Reforms protecting journalists are not the only ones needed. Press freedom advocates have long argued that prosecuting journalists’ sources is a backdoor war on journalism. Without sources, there is no journalism. And there is a great moral imperative, as well. Government employees who alert the media to abuses of power are whistleblowers to be lauded for their courage, not spies to be prosecuted.

Currently, most sections of the Espionage Act require the defendant have “intent or reason to believe that the information is to be used to the injury of the United States, or to the advantage of any foreign nation” to be guilty. This may sound like a high burden, but prosecutors and courts have worked together to render it meaningless.

The government is not required to prove harm occurred, only that there was reason to believe it might happen. When it comes to security clearances holder, the government argues that by virtue of the information being classified, the whistleblower had reason to believe disclosure would harm the US.

In a recent court filing, the government conceded that the vast majority of those convicted under the Espionage Act for giving information to the media did not have the intent to harm our country. Instead, they acted out of “misguided altruism.”

The Espionage Act must be amended to require the government to prove that those who disclose state secrets acted with the intent to injure the United States.
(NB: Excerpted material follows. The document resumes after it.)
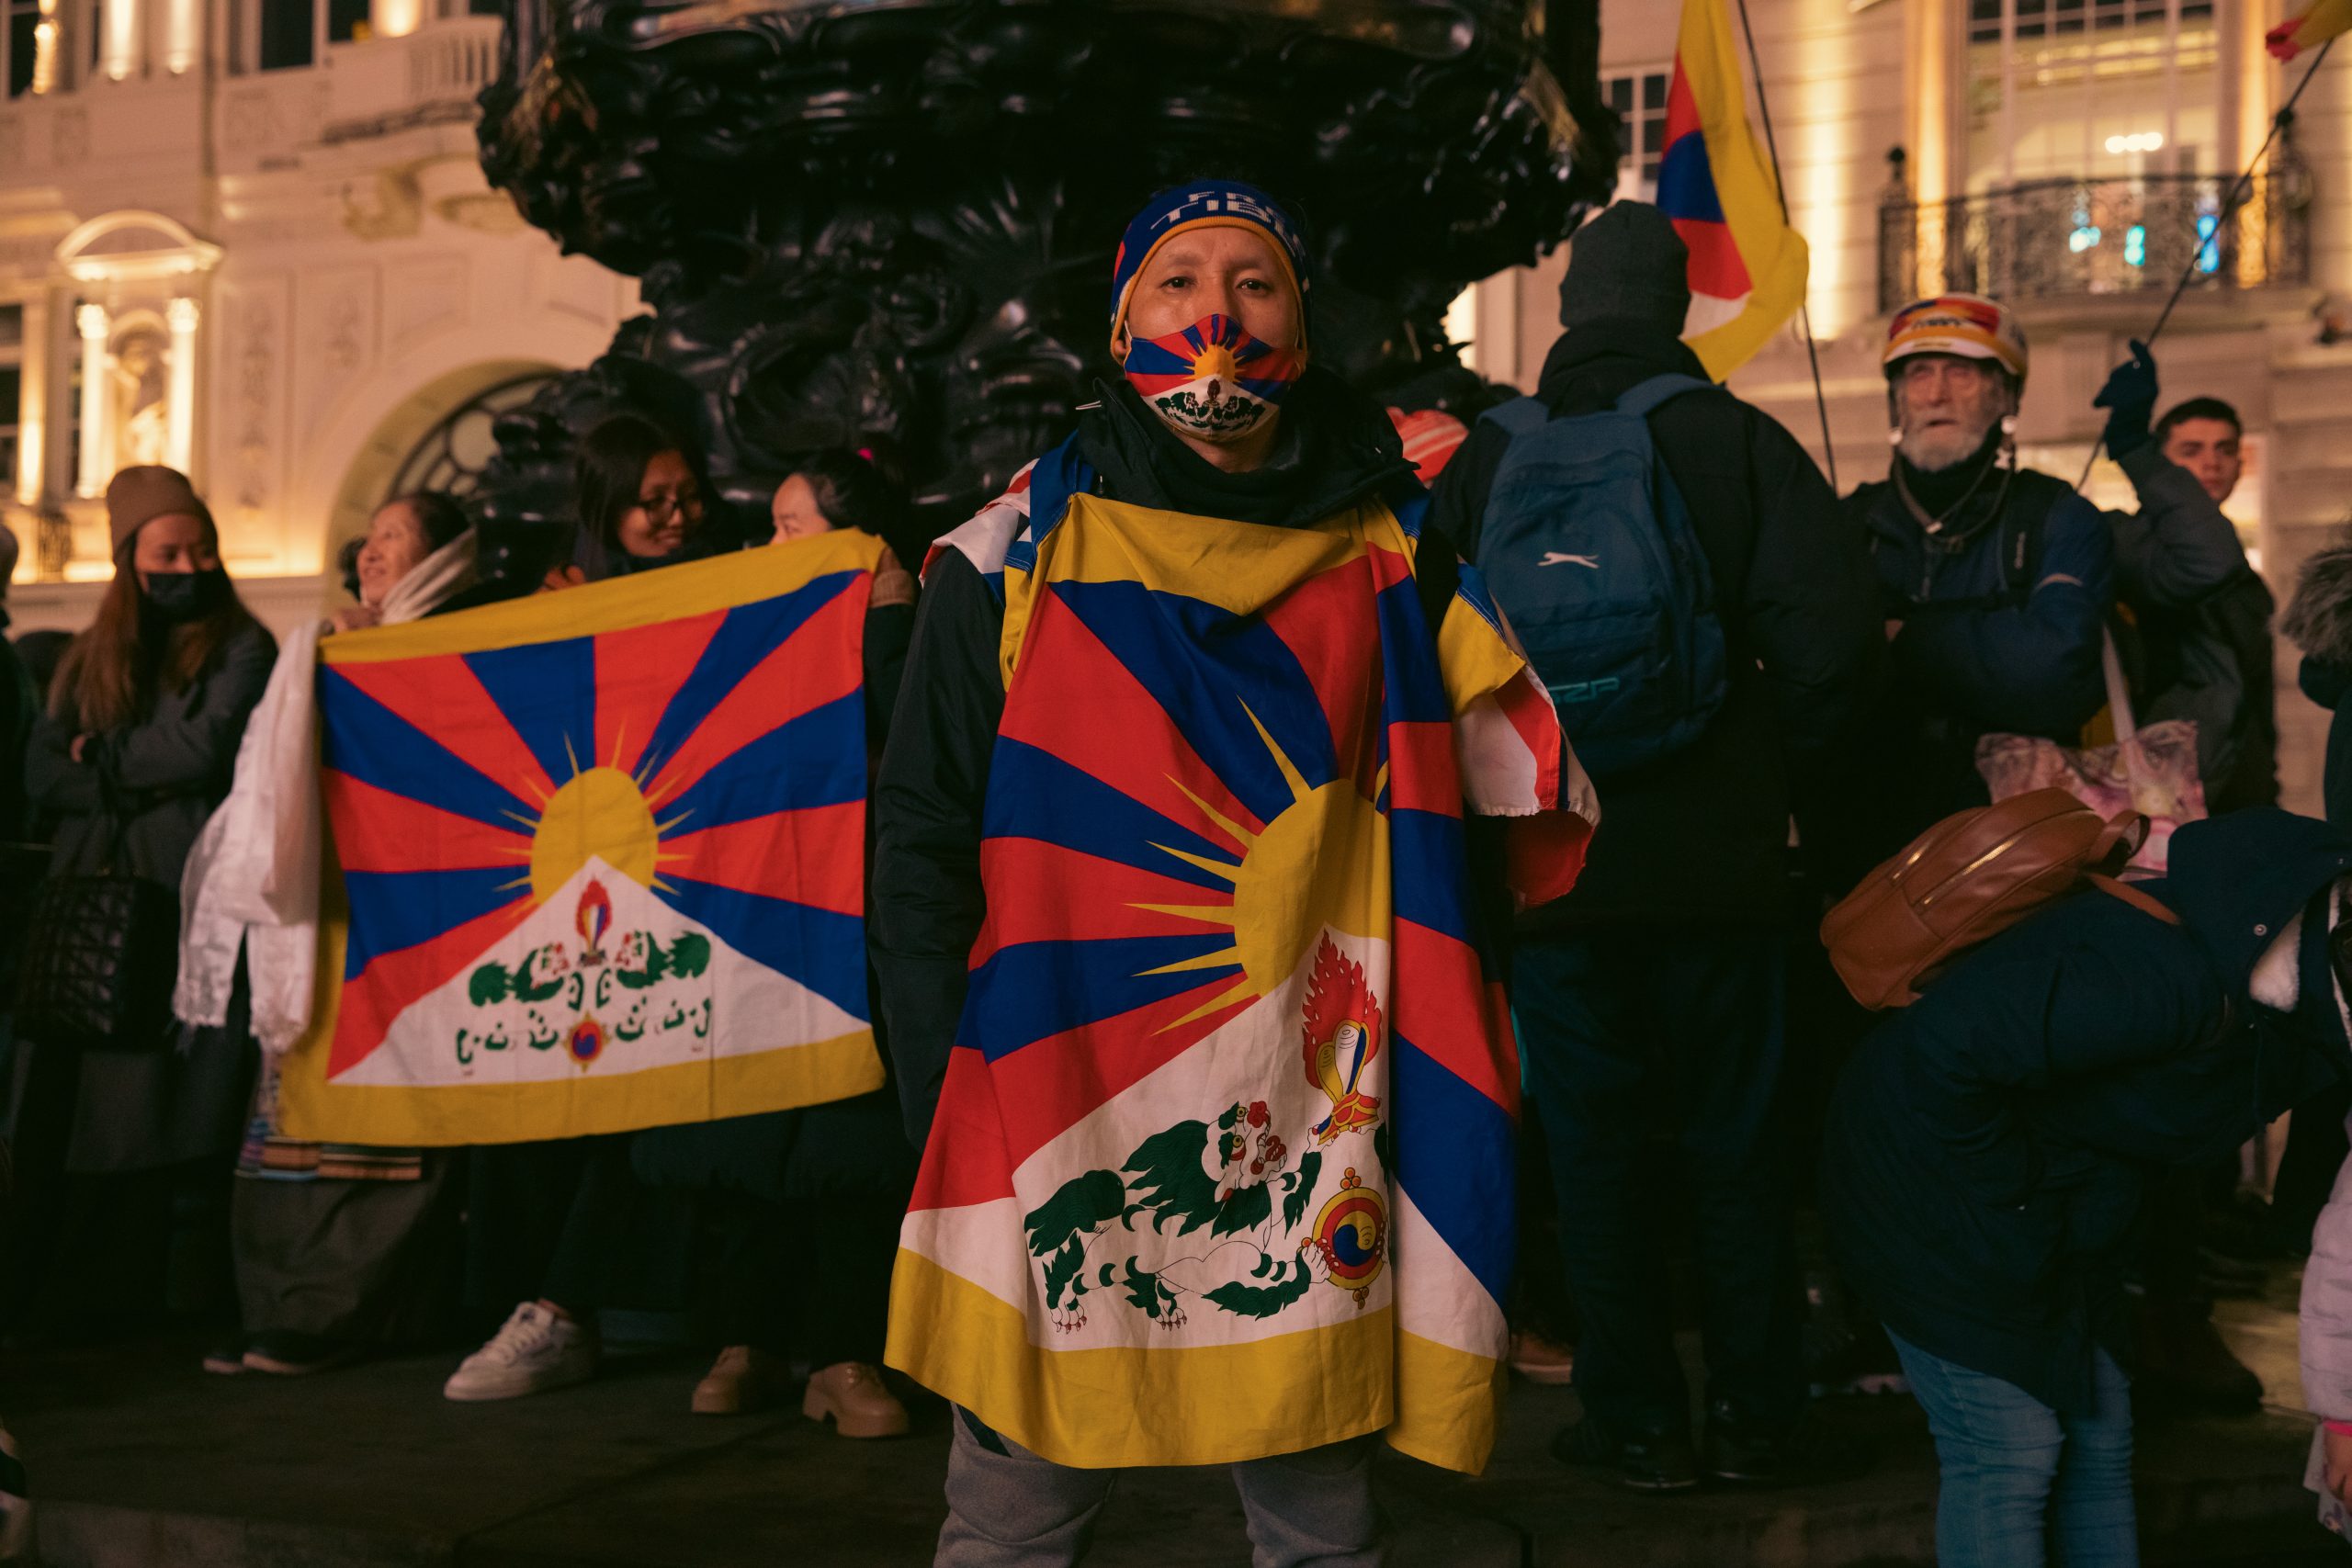 A member of the Tibetan community attending the Dalai Lama launch in London's Piccadilly Circus. January, CIRCA 20:23

If such a reform were enacted, by the government’s own admission it would have been unable to indict whistleblowers like Ellsberg, Manning, Edward Snowden, or Daniel Hale.

For three years in a row, Representative Rashida Tlaib (D-MI) has proposed an amendment to the National Defense Authorization Act reforming the Espionage Act (note: As policy director of Defending Rights & Dissent, I advised Representative Tlaib’s office on these proposals). The amendment includes both of the aforementioned reforms. It also includes two additional reforms of deep personal importance to whistleblowers. It creates a public interest defense that explicitly protects disclosure about war crimes, human rights abuses, and civil liberties violations. And it allows defendants to testify about the purpose of their disclosures.

While it amends those provisions of the Espionage Act used against journalists and whistleblowers, it leaves those provisions dealing with actual espionage untouched. Although these proposals have been blocked from reaching the floor, they constitute the best road map to reining in the act.

And as Assange’s case illustrates, the government is in desperate need of reining in. Under successive, bipartisan administrations, the Justice Department has argued that basic journalism is a crime under the Espionage Act. It has not merely done so rhetorically but pursued a criminal prosecution based on this theory. This will chill journalists the same way past prosecutions have already intimidated whistleblowers.

The First Amendment protects not only news gathering but also citizens’ right to receive information and ideas. The use of the Espionage Act against journalists and whistleblowers attacks both our free press and our right to know. For too long, the Espionage Act has been allowed to cast a shadow over the First Amendment. And as the Assange case illustrates, reforming this draconic relic of repression is imperative for preserving press freedom.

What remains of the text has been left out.